Son actualité. Le fabricant d’équipements électriques a dévoilé des résultats annuels records. Son chiffre d’affaires l’an dernier a atteint 38,15 milliards d’euros, en hausse de 6,3%. La marge opérationnelle ajustée s’est hissée à 18,6%, en progression de 70 points de base.

Le résultat net part du groupe a crû de 7% à 4,27 milliards d’euros. Quant au bénéfice par action ajusté, il est ressorti à 8,32 euros (+15%), alors que les analystes tablaient sur 8,09 euros.

La croissance organique s’est accélérée au quatrième trimestre, à +12,5%, contre +8,4% pour l’ensemble de l’exercice. Les ventes d’automatismes industriels à destination des industries manufacturières restent en revanche sur une tendance négative, tandis que les marchés finaux des centres de données et des infrastructures font preuve d’une dynamique continue.

Profil plus technologique

Les logiciels & services, représentant 19% des ventes totales en 2024, ont réalisé une croissance organique de 11% au quatrième trimestre (+10% pour les logiciels et services digitaux, +12% pour les services sur site).

Les offres digitales représentent 57% du chiffre d’affaires de Schneider Electric. Une part qui devrait grimper pour se situer entre 60 et 65% d’ici 2027.

Pas d’inquiétude quant à une éventuelle guerre commerciale

Notre analyse. Pour 2025, les dirigeants visent une croissance organique des ventes entre 7 et 10%, et une marge opérationnelle ajustée entre 19,2% et 19,5%.

L’essor des centres de données pour faire face aux besoins de l’intelligence artificielle (IA) demeure un puissant moteur pour Schneider Electric.
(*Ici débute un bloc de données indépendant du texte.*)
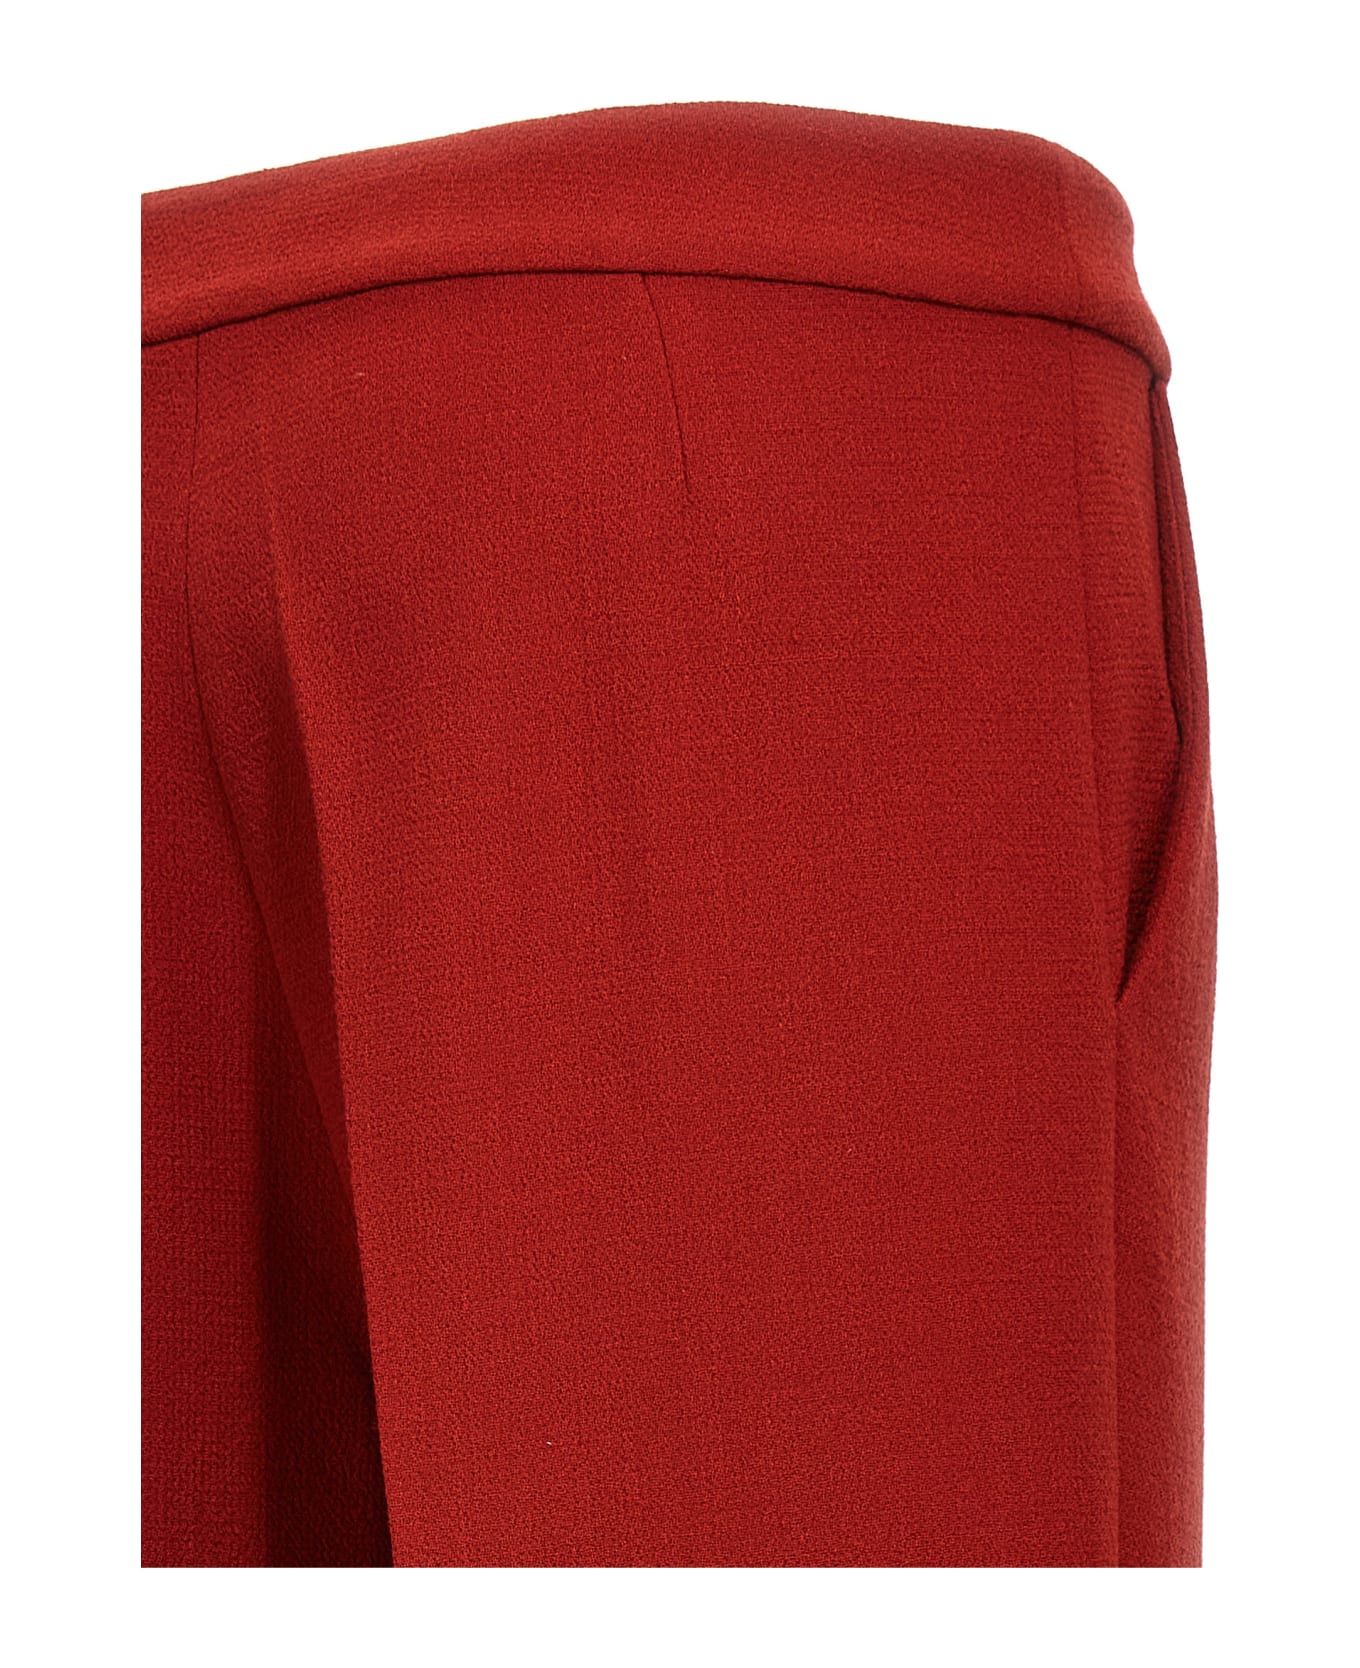 Gianluca Capannolo 'valerie' Pants - Red

L’IA requiert en effet d’énormes puissances de calcul et des quantités colossales d’énergie. À ce sujet, le groupe voit dans la plateforme d’IA chinoise Deepseek une source de démocratisation de cette technologie, susceptible de développer son utilisation.

Enfin, Schneider Electric reste relativement serein quant au risque de guerre commerciale, indiquant que 83% de ce qu’il vend aux États-Unis est fabriqué localement, et est ainsi préservé d’une hausse des droits de douane. Le groupe réalise 36% de son chiffre d’affaires total en Amérique du Nord.

Le titre gagne 18% depuis le 1er janvier dernier. Il se traite 25 fois le résultat net attendu pour l’exercice en cours, un multiple un peu tendu mais qui se justifie par l’accélération du potentiel de croissance interne.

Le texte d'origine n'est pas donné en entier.